My advice is to split state up by environment. You should have a state file for production and a separate state file for non-production. Additionally, you should review your infrastructure, and if it’s particularly sensitive (e.g. backups or networking), then maybe it makes sense to deploy it as part of a different state.
Splitting by component
This is the bread and butter of Terragrunt, while this isn’t as necessary today, you may find it helpful for very sensitive environments.
Splitting by component involves creating a seperate Terraform Project per component like so:
environment
└ vpc
└ main.tf
└ outputs.tf
└ variables.tf
└ backend.tf
└ provider.tf
└ application
└ pipeline
└ codepipeline.tf
└ codebuild.tf
└ outputs.tf
└ variables.tf
└ backend.tf
└ provider.tf
└ app
└ lambda.tf
└ outputs.tf
└ variables.tf
└ backend.tf
└ provider.tf
└ data
└ dynamodb
└ dynamo.tf
└ outputs.tf
└ variables.tf
└ backend.tf
└ provider.tf
└ events
└ sqs.tf
└ eventbridge.tf
└ outputs.tf
└ variables.tf
└ backend.tf
└ provider.tf
By splitting state by component, we ensure that each one of our services is configured via a different backend, which limits the blast radius, about as much as it can be.
The ideal spot – hybrid
You should ideally split your state in a hybrid approach. When you deploy AWS services it’s probably as part of a particular application or platform, or has a certain use-case such as shared networking. Split the state by each of these domains so each one of these can not only be managed independently, but there is less risk when making changes.
Introducing Terragrunt
Terragrunt isn’t a replacement for Terraform, it’s a wrapper around it, well it was, until the BCL :(. You can use the Terragrunt tool to execute your Terraform code for you. It will dynamically generate some of the code for you so you can easily split up your state in your mono repo. You can also run hooks, that will allow you to inject actions into your Terraform run.
Practical Example
Our manager has just reached out to us to setup a new AWS environment, as the company has opted to migrate to AWS. So, we’ve got the difficult job of writing the Terraform to deploy the required resources in AWS in a safe manner for the long-term.
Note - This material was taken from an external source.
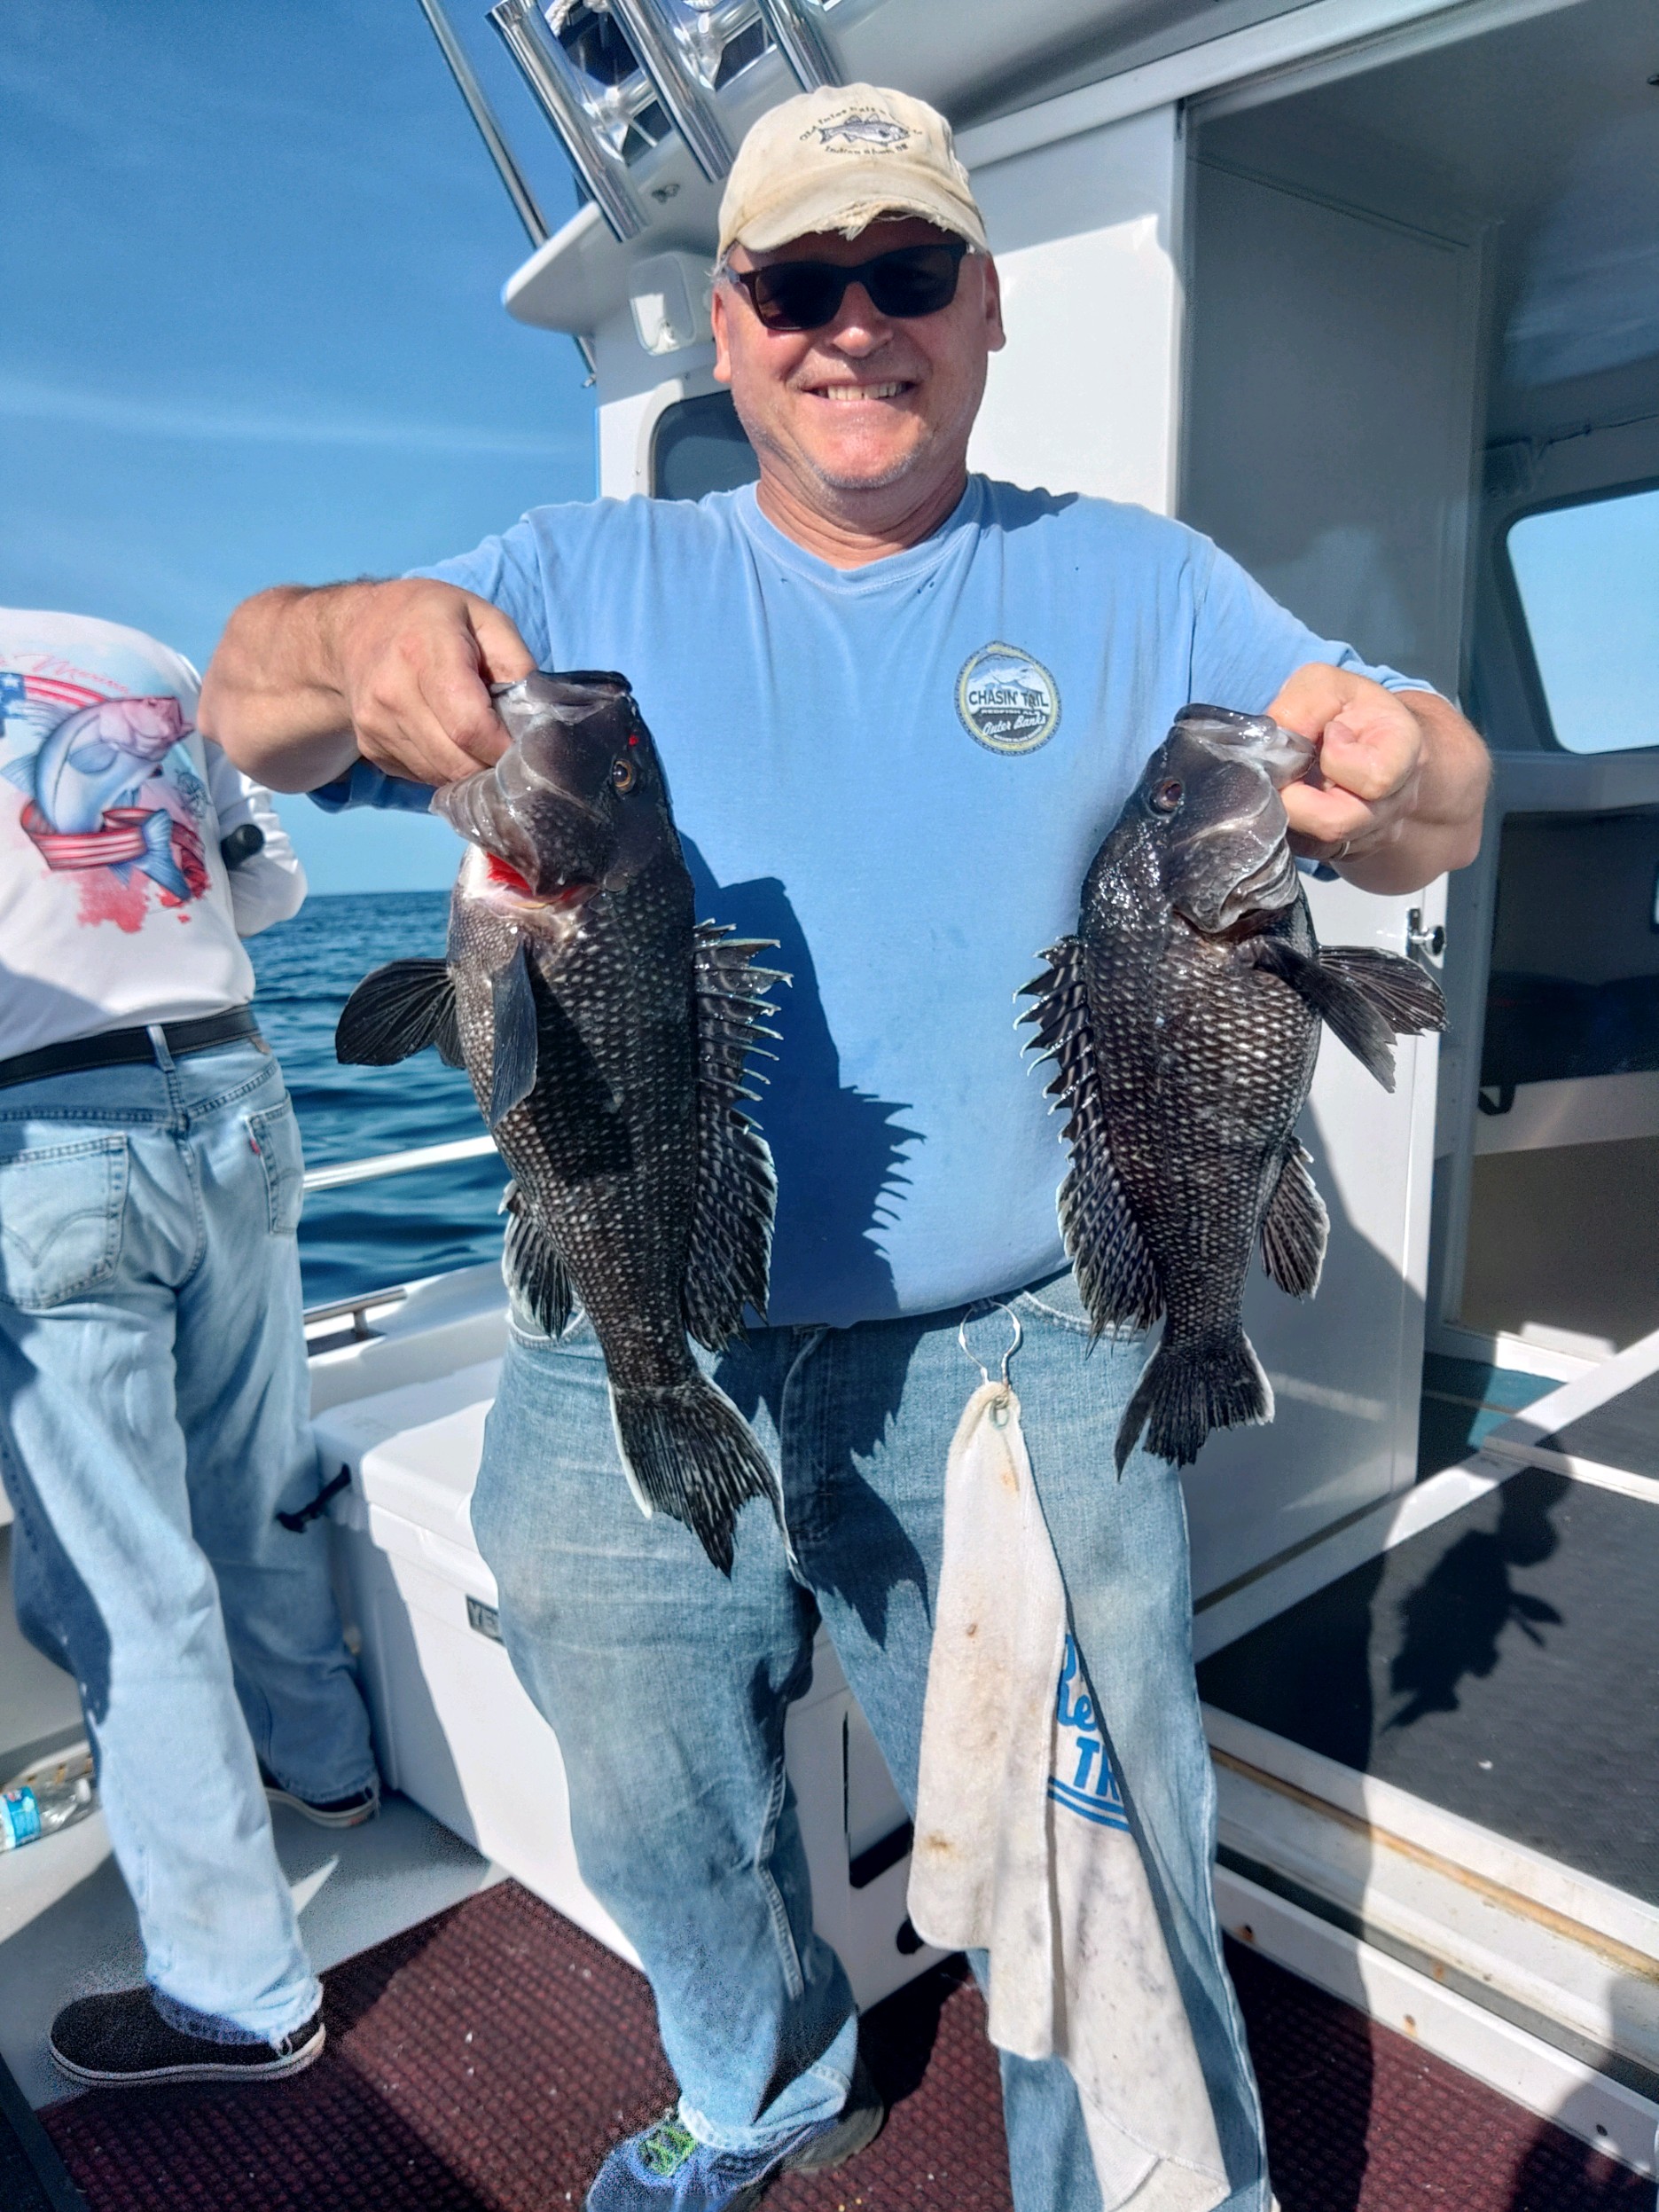 Tons of Tautog, Sea Bass Over 5 Pounds and Flounder Over 6

We’ve opted to use Terragrunt because it can help us to split our state without causing us too much grief.
We’ve decided to use the following structure for our code:
accounts
└ test
terragrunt.hcl
└ vpc
└ main.tf
└ terragrunt.hcl
└ jumphost
└ main.tf
└ terragrunt.hcl
modules
└ networking
└ vpc
└ <module_files>
└ jumphost
└ <module_files>
What will this do for us?
- A root terragrunt.hcl file exists that defines our core provider, our IAM role we’ll use to authenticate into our account, and our backend.
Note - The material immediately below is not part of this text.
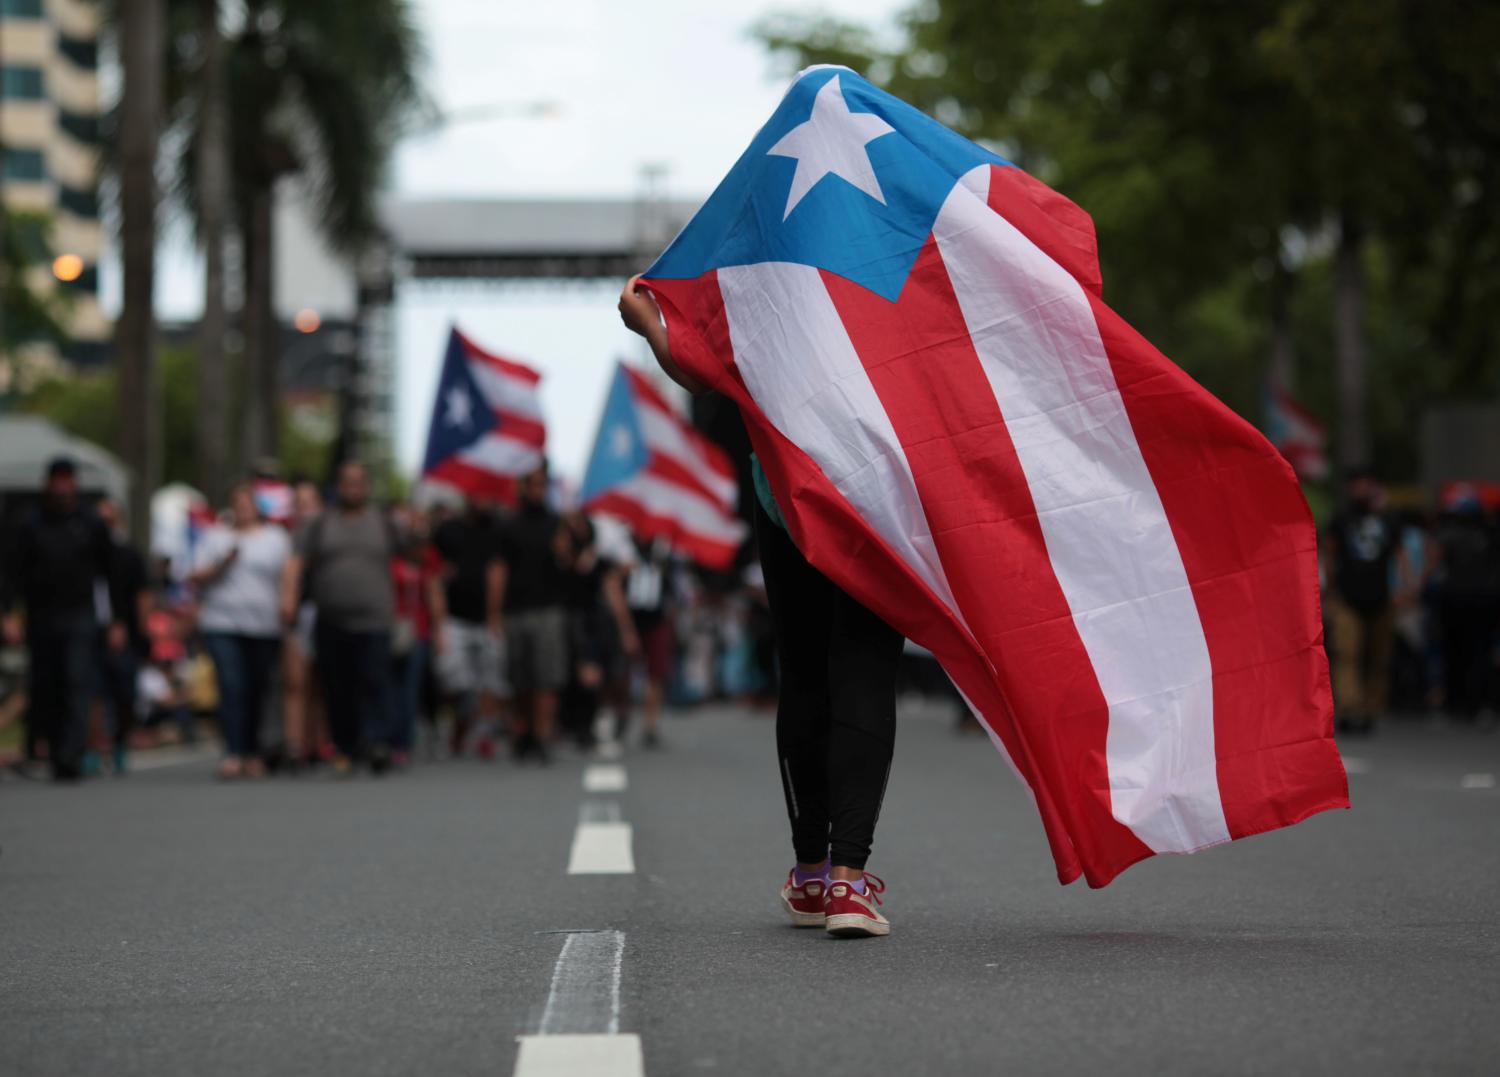 A person carries a Puerto Rican national flag during a protest against the government's austerity measures as Puerto Rico faces a deadline on Monday to restructure its $70 billion debt load or open itself up to lawsuits from creditors, in San Juan, Puerto Rico May 1, 2017. REUTERS/Alvin Baez - RC1B567AF880

- Our Terraform configuration will be split by account.
- Each account will have sub-modules with their own terragrunt.hcl file and their own state file configured in the S3 backend.
- A centralised modules directory to put our generic modules we can use across all accounts.
Writing Terragrunt
Let’s write our root Terragrunt file.
# accounts/test/terragrunt.hcl
generate "provider" {
path = "provider.tf"
if_exists = "overwrite_terragrunt"
contents = <<EOF
provider "aws" {
region = "ap-southeast-2"
assume_role {
role_arn = "arn:aws:iam::${get_aws_account_id()}:role/tf-role"
}
}
EOF
}
remote_state {
backend = "s3"
generate = {
path = "backend.tf"
if_exists = "overwrite_terragrunt"
}
config = {
bucket = "tfstate-storage-${get_aws_account_id()}"
key = "${path_relative_to_include()}.tfstate"
region = "ap-southeast-2"
encrypt = true
dynamodb_table = "tfstate-lock"
}
}
Our code is telling Terragrunt to do a few things when we run it:
- Generate a provider.tf file in each path containing a terragrunt.hcl file that we initialise.
- The generated provider file will define our authentication mechanism to AWS, it will use the get_aws_account() function to retrieve the AWS account that we are authenticated with.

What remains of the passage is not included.